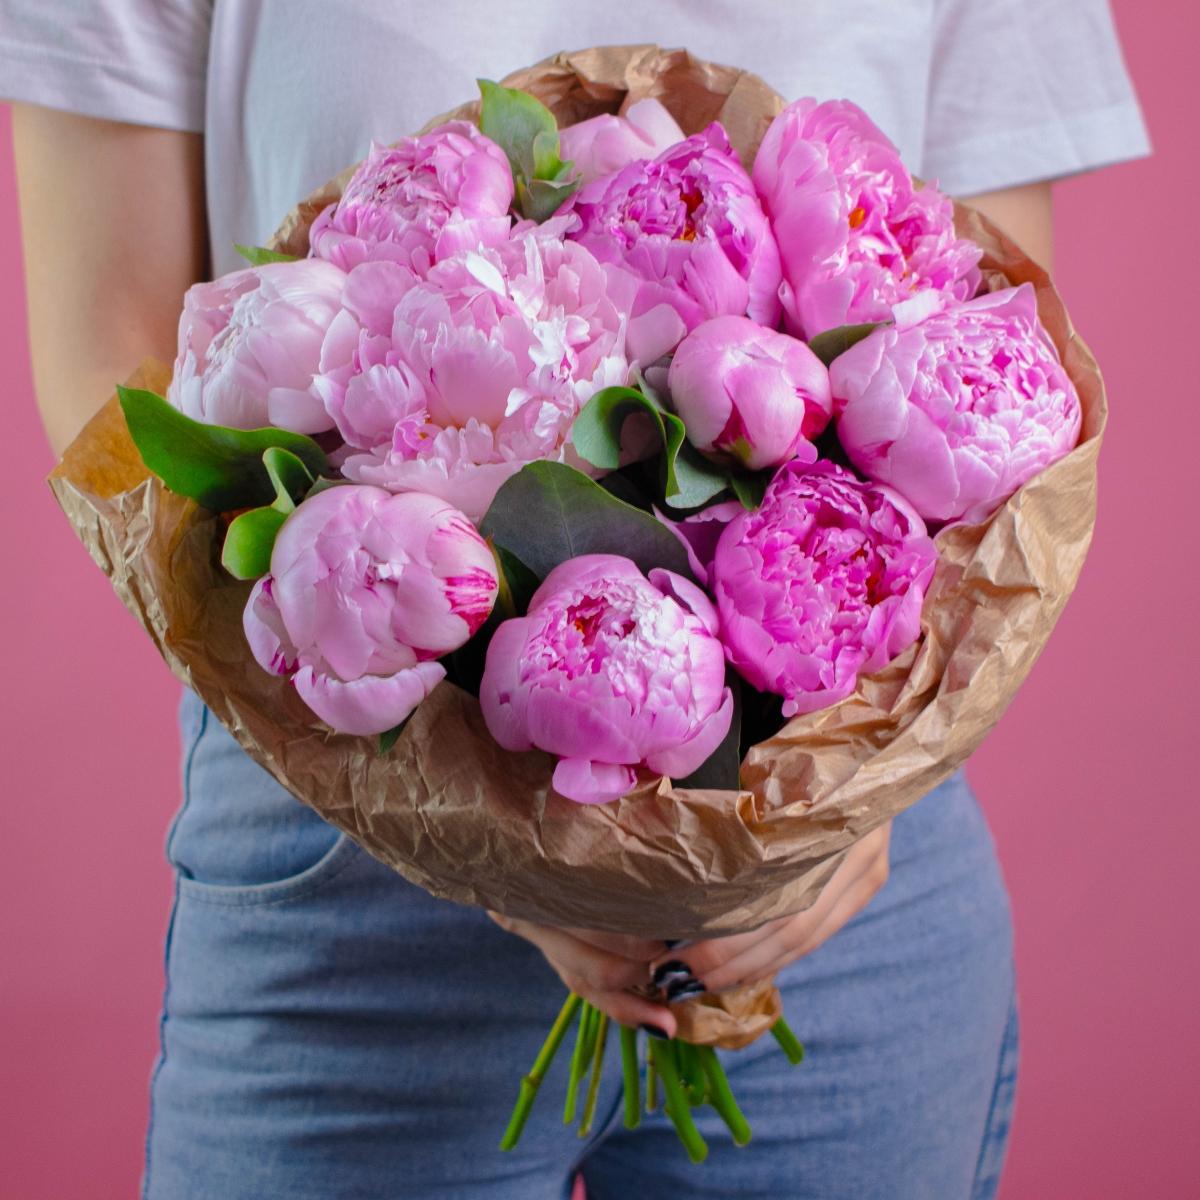 11 розовых пионов с эвкалиптом
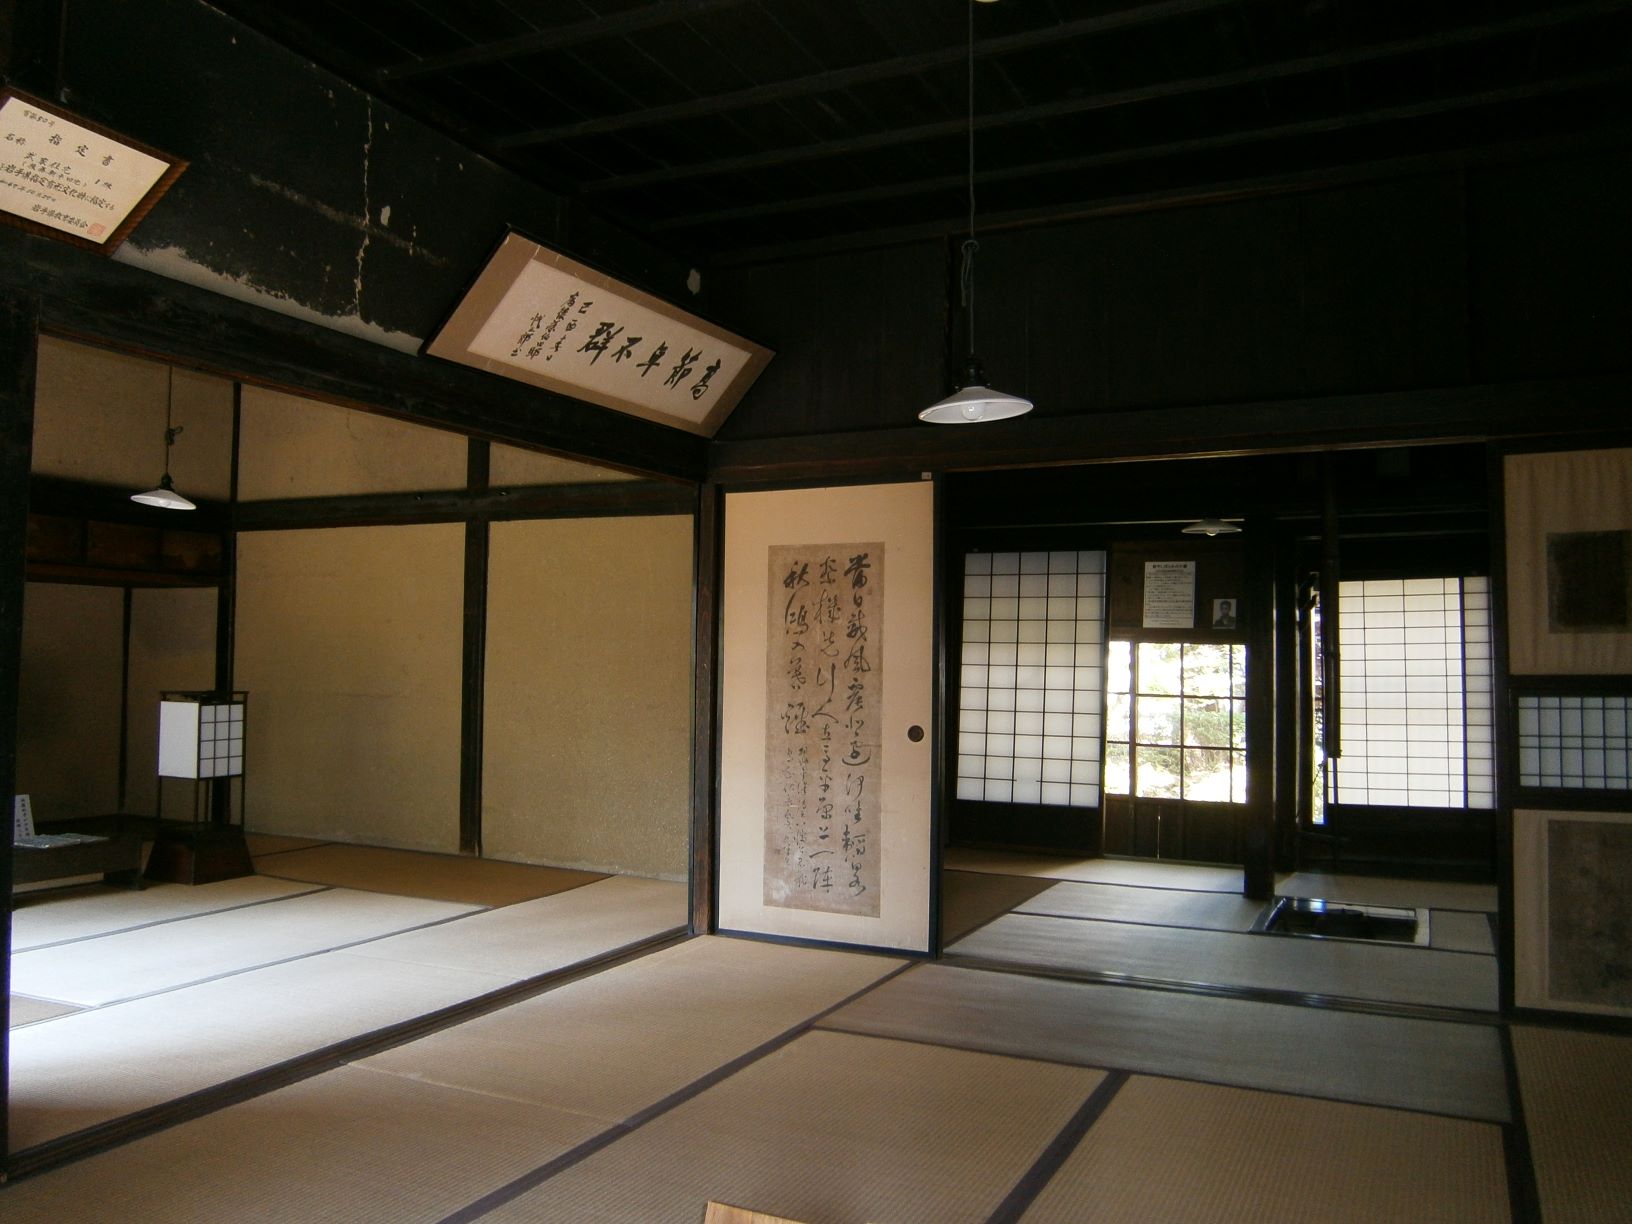 襖に掛け軸があり、畳みの敷かれた部屋が3部屋続いている後藤新平旧宅の和室の写真
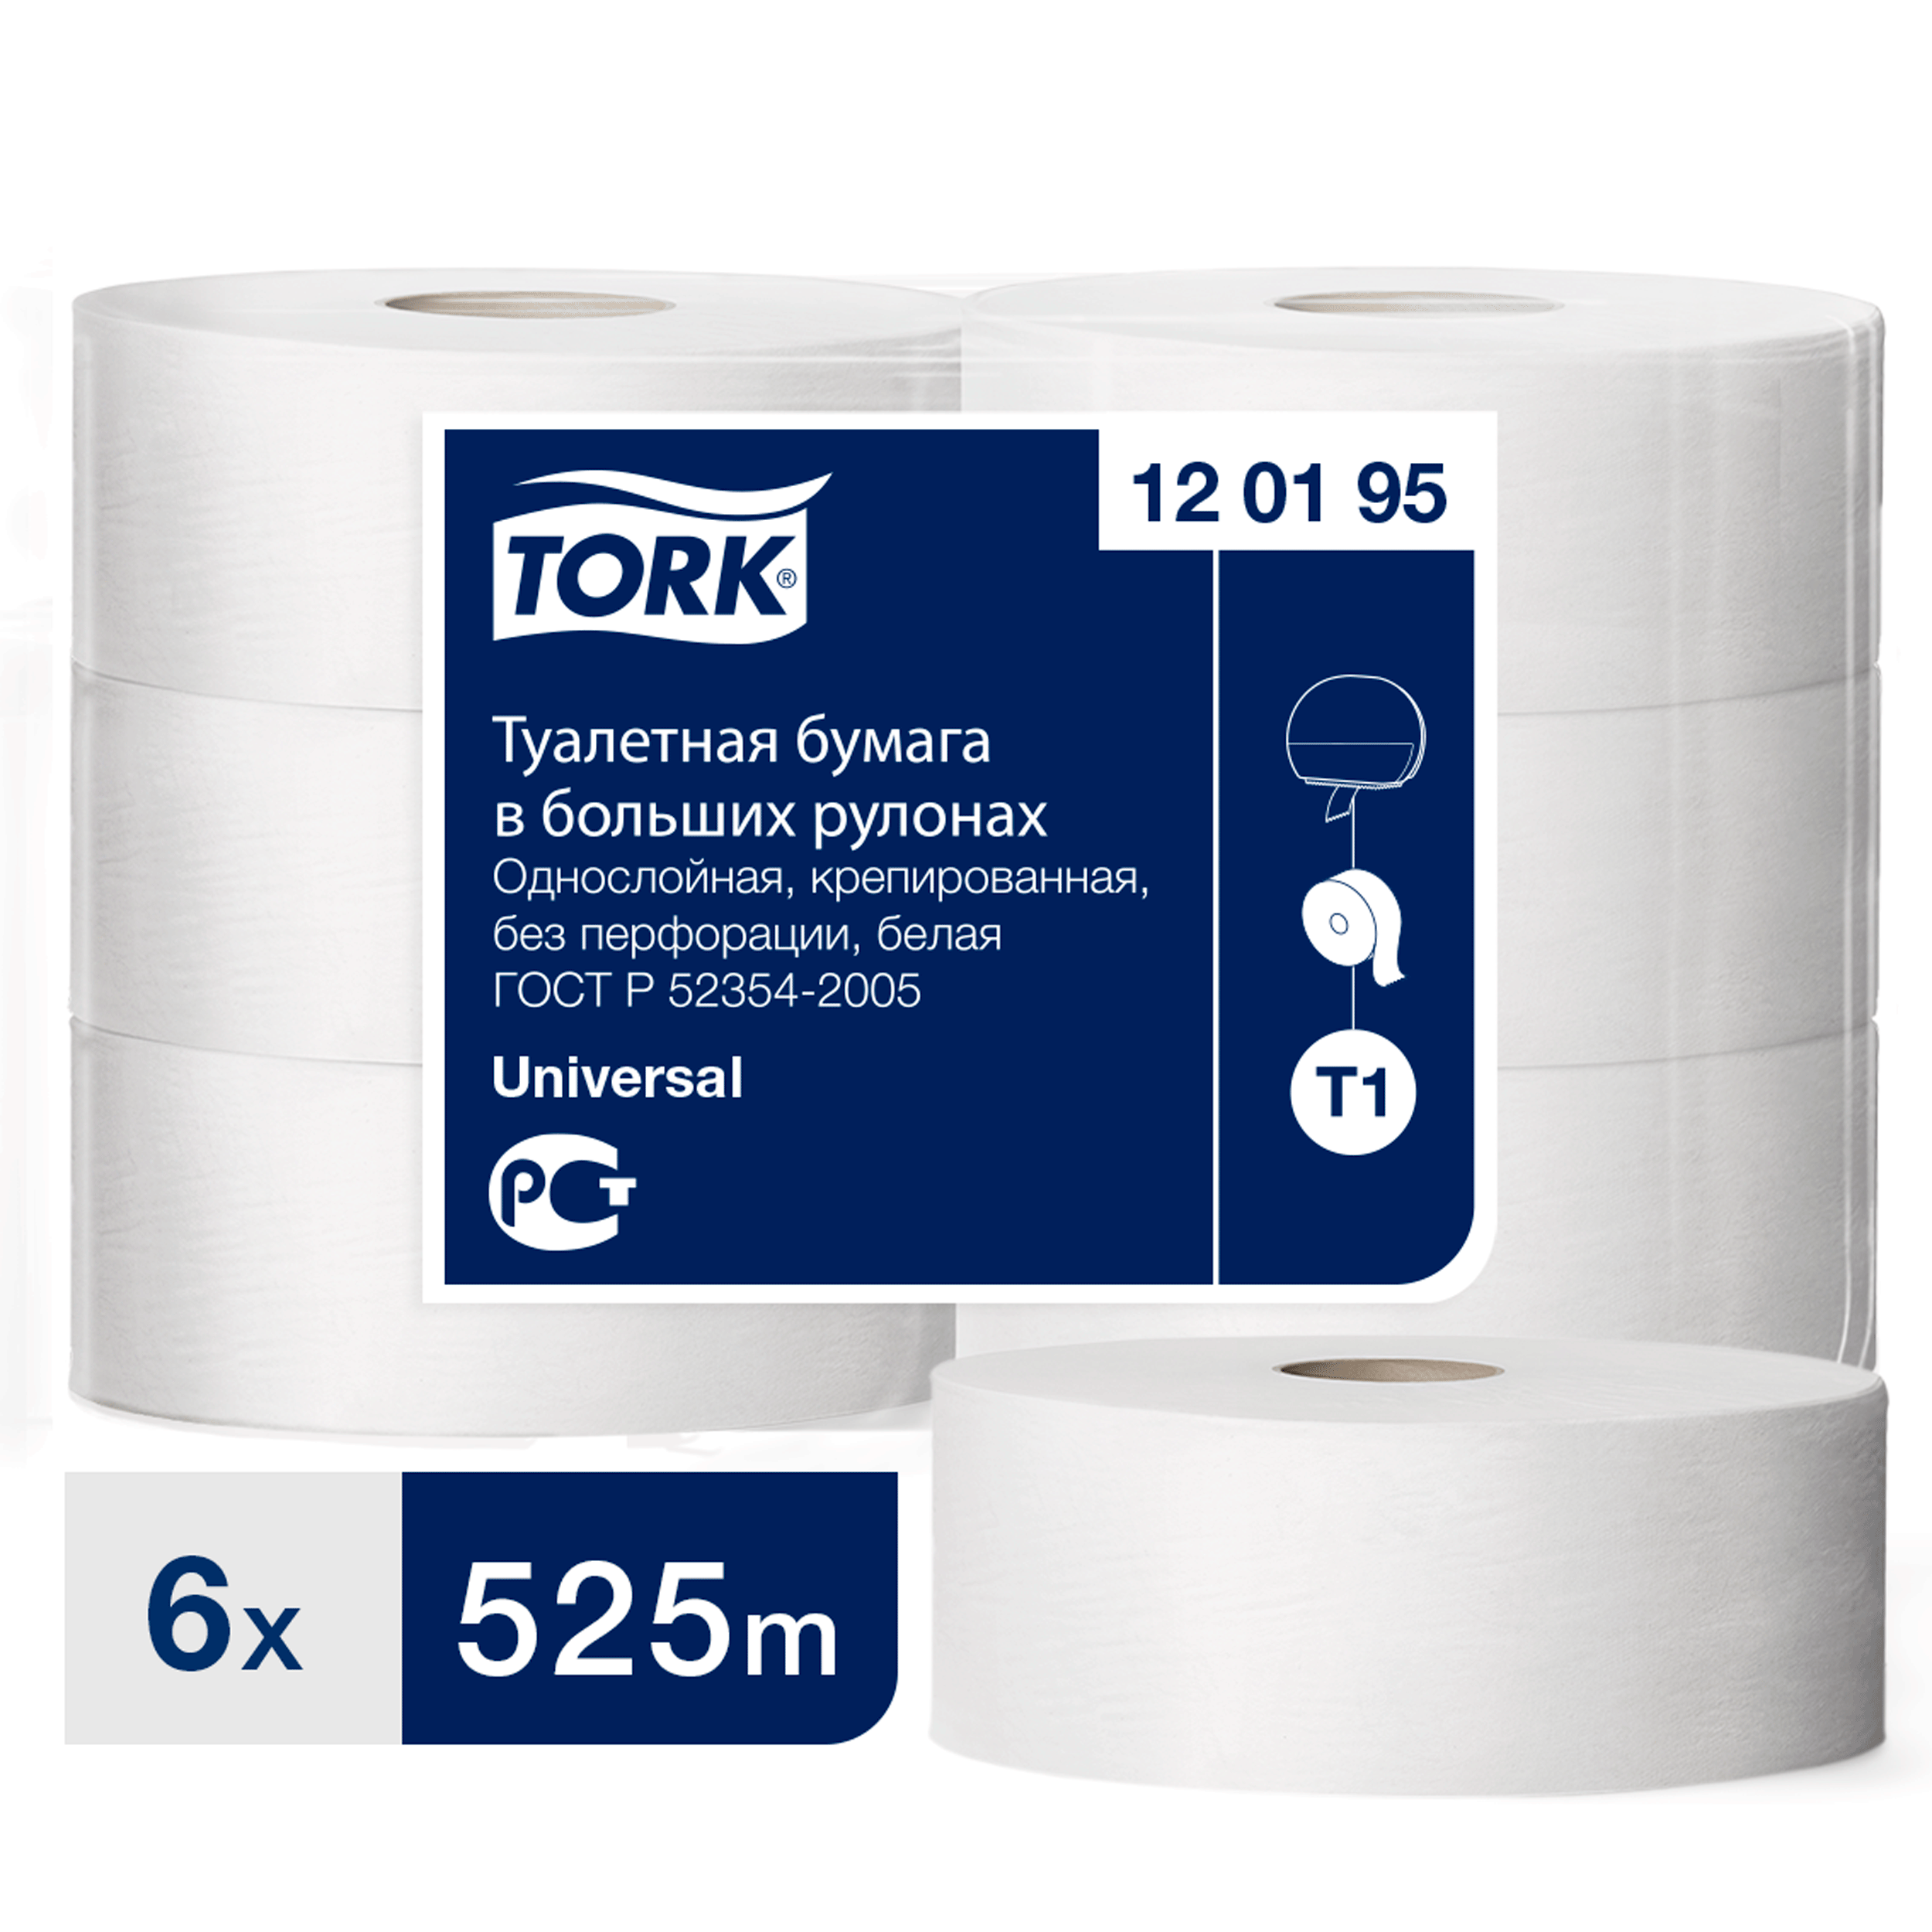 Туалетная бумага Tork в больших рулонах, T1, 1 слой, 525 м, ширина 9,5см, 6 шт бумага туалетная в mid size рулонах tork universal t6 1 слой 135м рулон белая мягкая

* WHAT TO WORK ON
Transcribe the preceding listing in its entirety and with exact wording, leaving out pictures.

* COMPLETED TASK
 11 розовых пионов с эвкалиптом
 襖に掛け軸があり、畳みの敷かれた部屋が3部屋続いている後藤新平旧宅の和室の写真
 Туалетная бумага Tork в больших рулонах, T1, 1 слой, 525 м, ширина 9,5см, 6 шт бумага туалетная в mid size рулонах tork universal t6 1 слой 135м рулон белая мягкая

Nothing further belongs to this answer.